The monkeys nailed it within a few sessions. They learned to move the cursor in any direction, independently controlling their spike rates and high-gamma levels on the same electrode. That's the neuroscience equivalent of watching someone pat their head and rub their stomach, except the head and stomach were supposed to be the same body part.

So Where Does the Signal Actually Come From?

With the "summed local spikes" hypothesis looking shaky, the team dug deeper. When monkeys increased their high-gamma activity without increasing local spiking, something interesting happened across the electrode array: neurons distributed across millimeters of cortex started firing in synchrony. The high-gamma signal wasn't reflecting what the nearest neurons were doing - it was picking up the incoming mail from a much wider postal district.

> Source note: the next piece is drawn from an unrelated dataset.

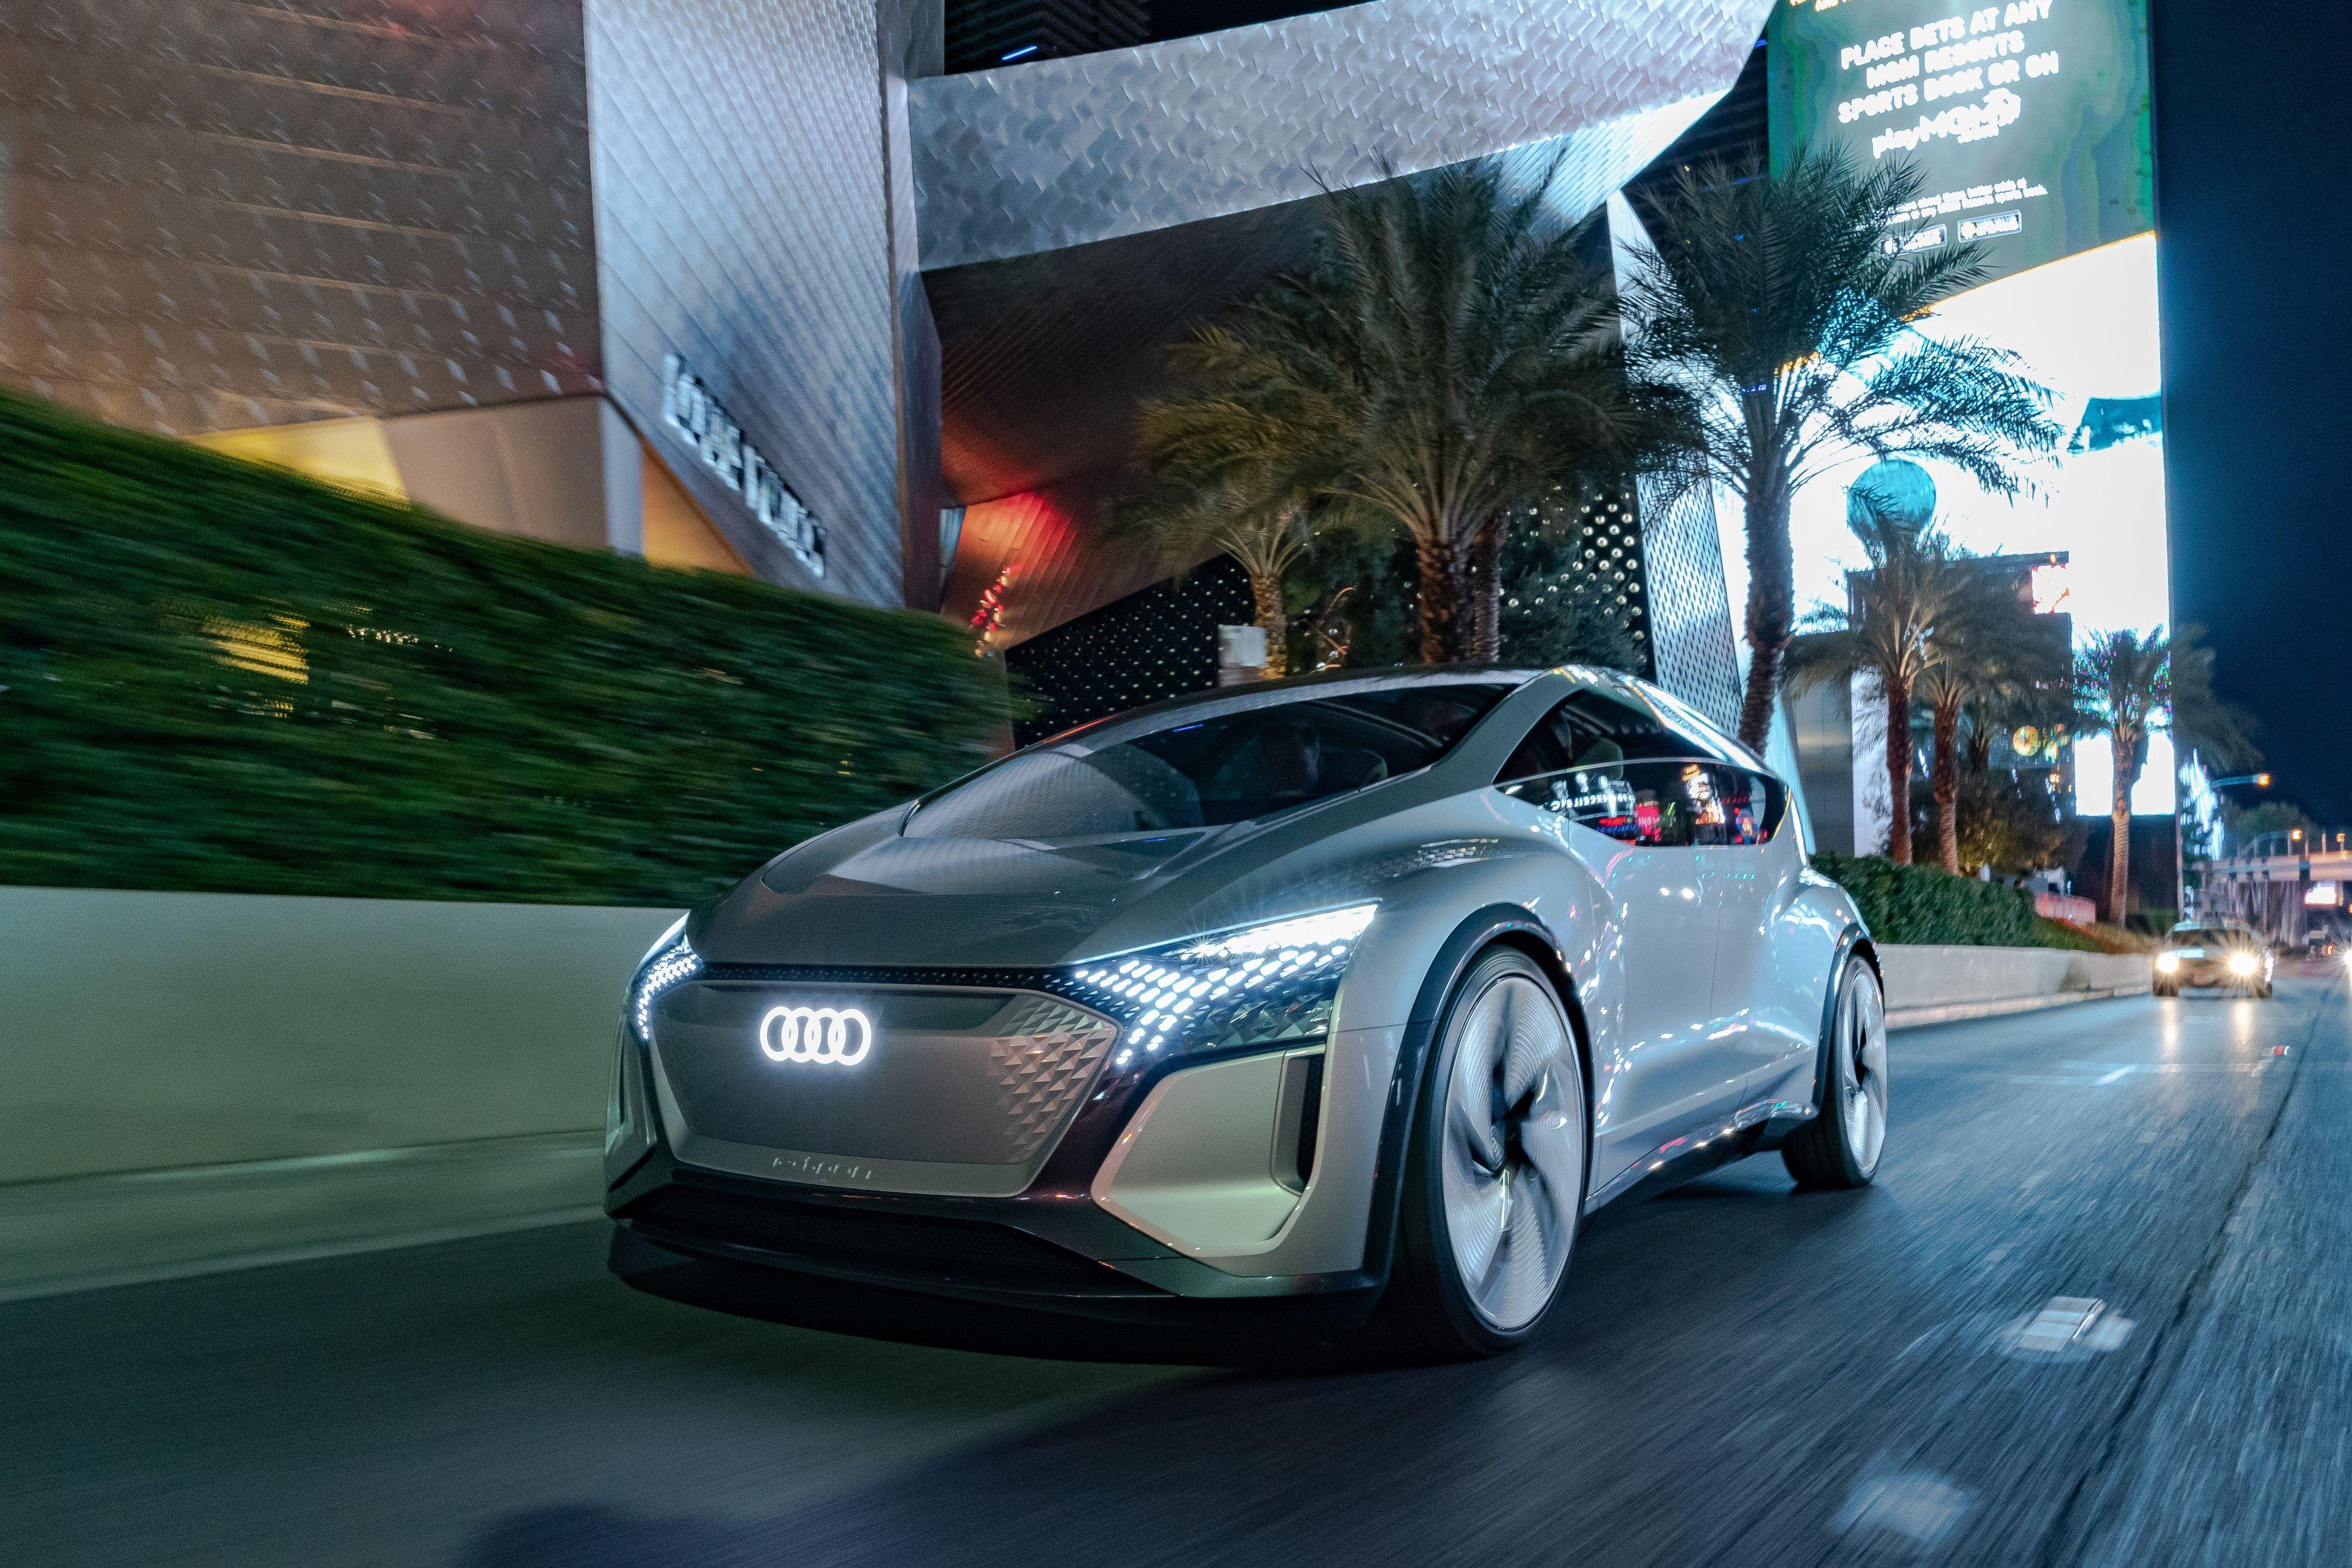 Audi Ai Me Shows Off The Future Of Mobility At Ces 2020 Audi Concept Cars City Car

The timing clinched it. The high-gamma bumps on one electrode lined up with spikes arriving from other electrodes at just the right delay, consistent with signals traveling along axons and generating postsynaptic potentials at their destination. High-gamma activity, it turns out, is more like an inbox than a microphone - it captures what's being received, not what's being sent.

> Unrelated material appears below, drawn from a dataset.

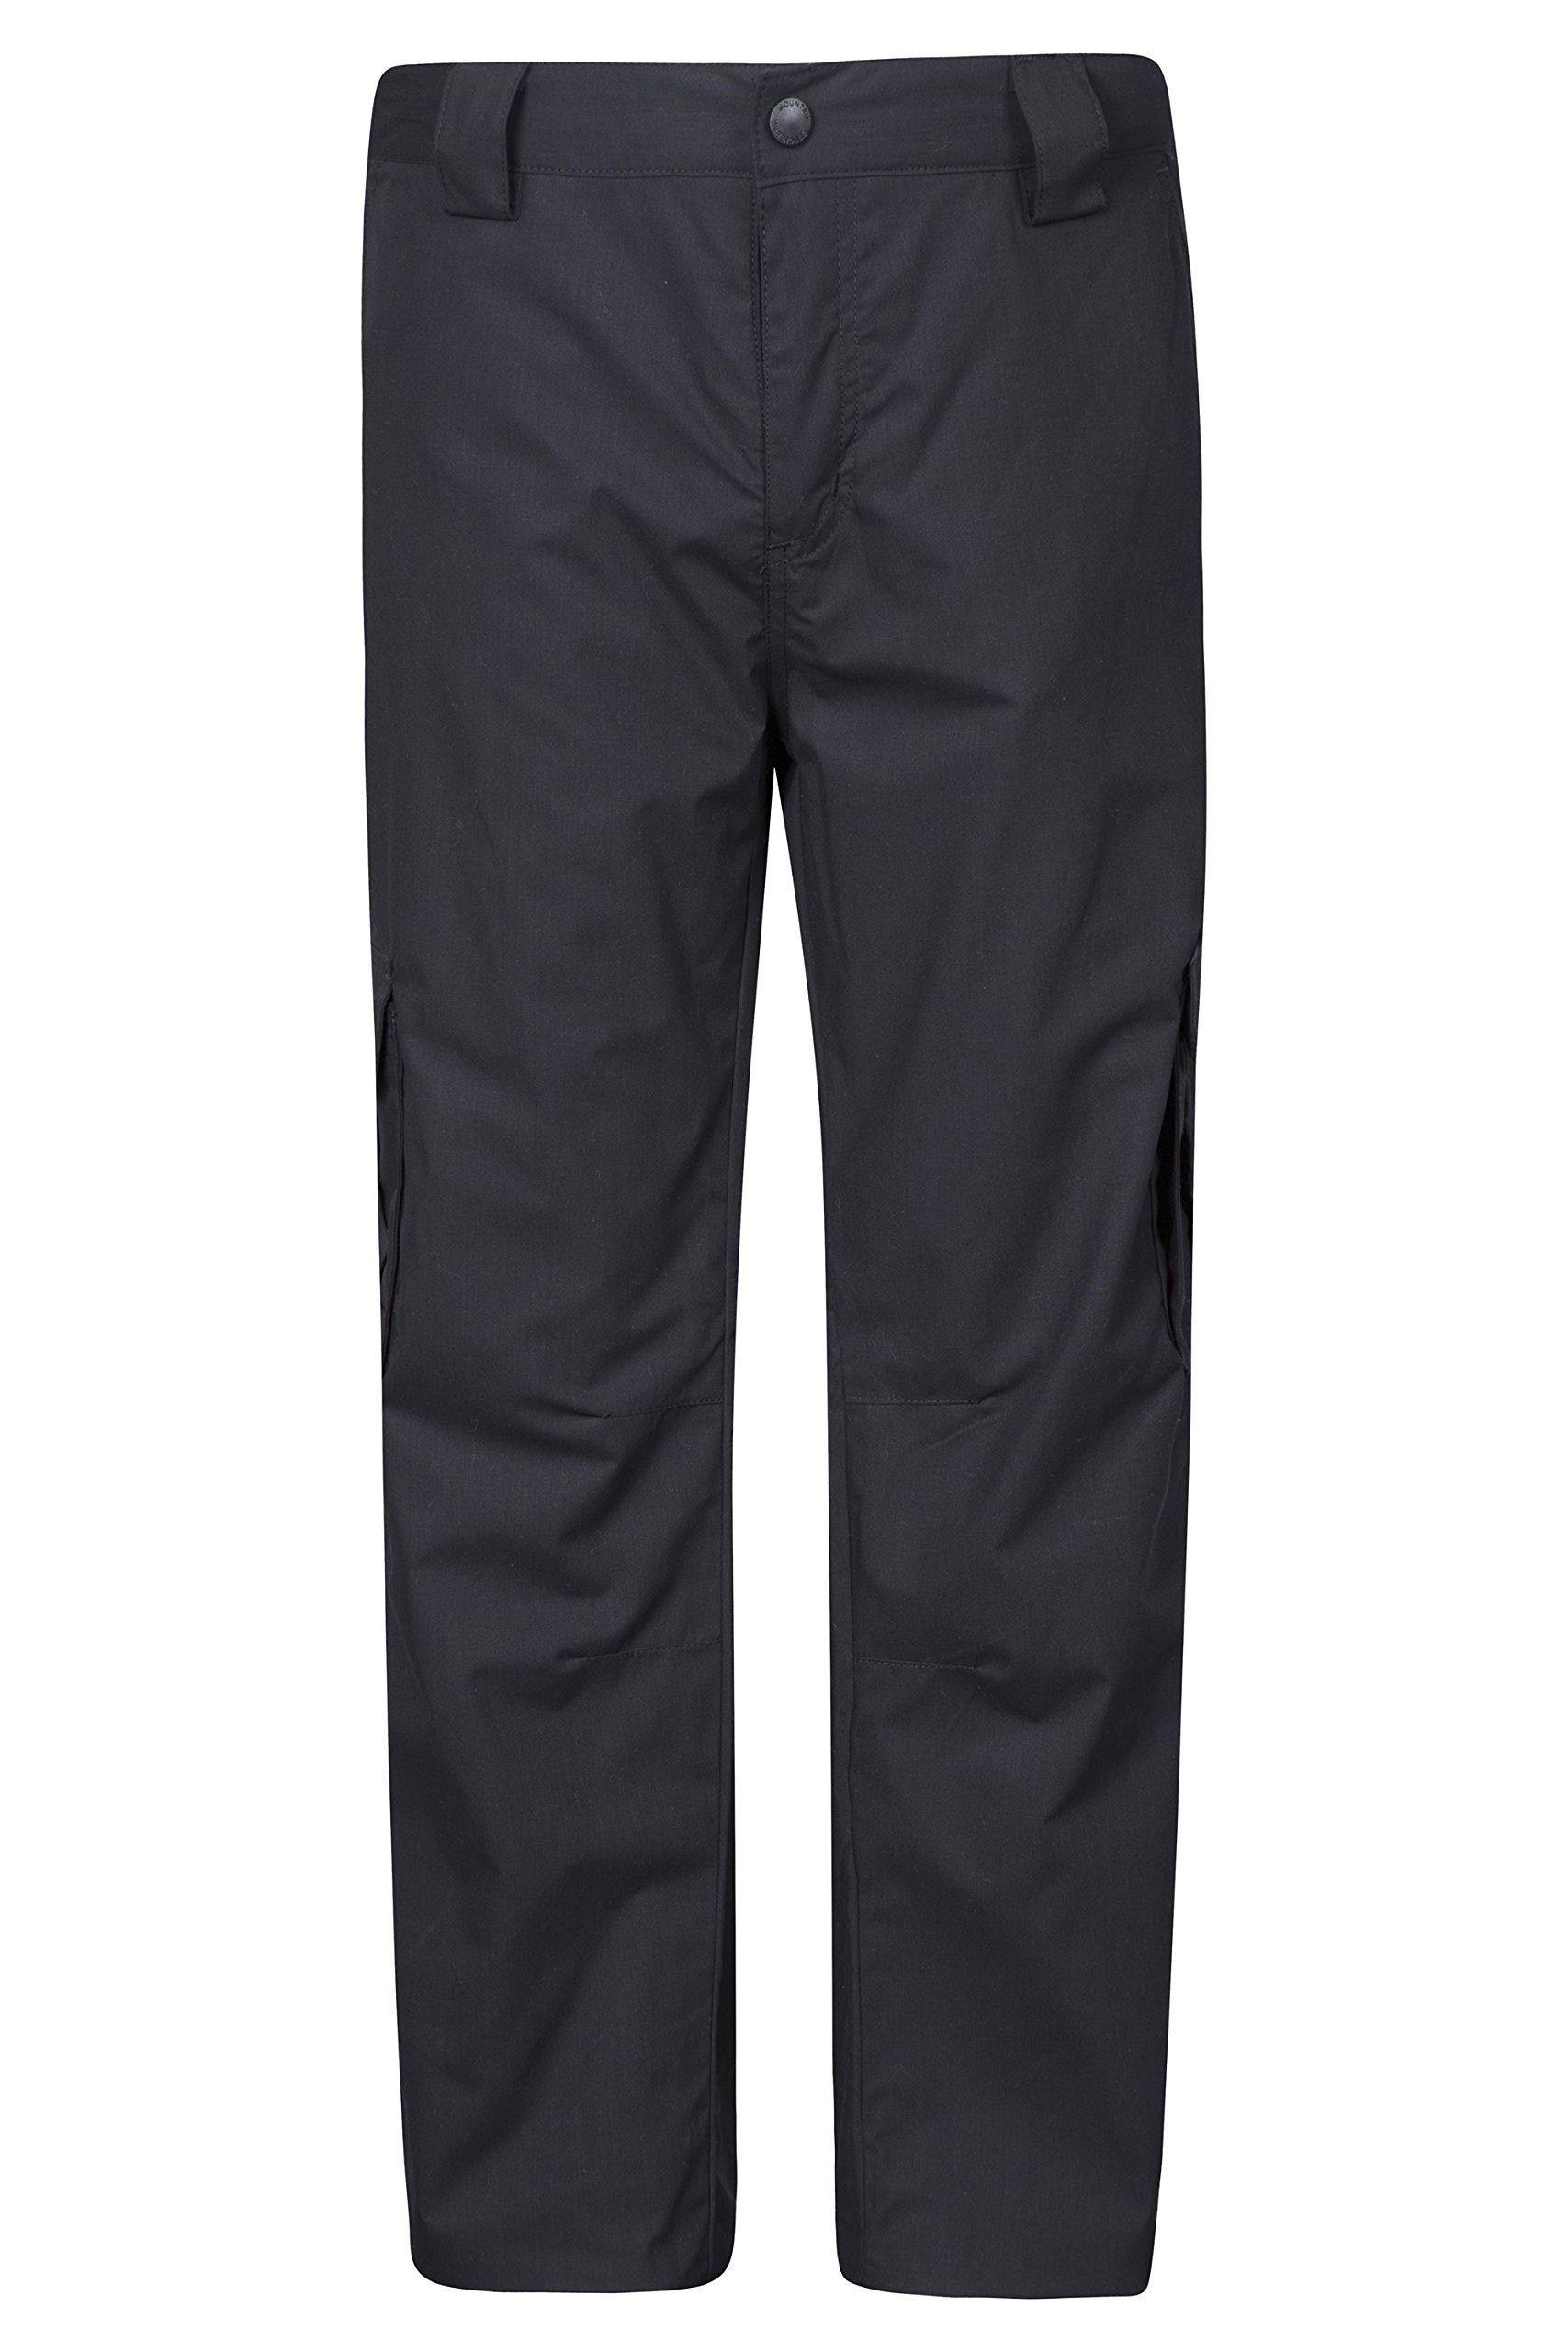 Mountain Warehouse Pantalon Enfant Trek Hiver Chaud

Why Your Brain-Computer Interface Should Care

This isn't just academic navel-gazing. High-gamma signals have been a workhorse in brain-computer interfaces partly because they're remarkably stable over time - way more reliable than tracking individual neuron spikes, which tend to drift and vanish as electrodes shift (Flint et al., 2013). Slutzky's finding finally explains why: if high-gamma reflects the pooled input from many distant neurons rather than a handful of local ones, losing a few nearby cells to electrode migration barely matters. The mail still gets delivered even if a few houses on the street move away.

But there's a flip side. Every study that interpreted high-gamma as a readout of local neural processing might need a second look. That signal you thought was telling you what neurons right here were doing? It was actually a bulletin from the whole cortical neighborhood (Pesaran et al., 2018). For neuroscientists mapping brain function with high-gamma, this is like discovering your "local news" channel was actually broadcasting from three counties over.

The Bottom Line

Sometimes the most useful signals are the ones we understood the least. High-gamma activity spent decades being treated as a proxy for nearby neuron firing, and it worked well enough that nobody questioned the fine print. It took a clever BMI experiment - and some very cooperative monkeys - to reveal that this workhorse signal has been reporting on a much larger story all along. The brain, as usual, is weirder and more interconnected than we gave it credit for.

References

  1. Lei, T., Scheid, M.R., Flint, R.D., Glaser, J.I., & Slutzky, M.W. (2026). Active dissociation of intracortical spiking and high gamma activity. Nature. DOI: 10.1038/s41586-026-10331-y

  2. Ray, S. & Maunsell, J.H.R. (2011). Different origins of gamma rhythm and high-gamma activity in macaque visual cortex. PLOS Biology, 9(4), e1000610. DOI: 10.1371/journal.pbio.1000610. PMID: 21532743

  3. Buzsáki, G., Anastassiou, C.A., & Koch, C. (2012). The origin of extracellular fields and currents - EEG, ECoG, LFP and spikes. Nature Reviews Neuroscience, 13, 407-420. DOI: 10.1038/nrn3241. PMID: 22595786

  4. Flint, R.D., Wright, Z.A., Scheid, M.R., & Slutzky, M.W. (2013). Long term, stable brain machine interface performance using local field potentials and multiunit spikes. Journal of Neural Engineering, 10(5), 056005. DOI: 10.1088/1741-2560/10/5/056005. PMID: 23918061

  5. Pesaran, B., Vinck, M., Einevoll, G.T., et al. (2018). Investigating large-scale brain dynamics using field potential recordings: analysis and interpretation. Nature Neuroscience, 21(7), 903-919. DOI: 10.1038/s41593-018-0171-8. PMID: 29942039

Disclaimer: The image accompanying this article is for illustrative purposes only and does not depict actual experimental results, data, or biological mechanisms.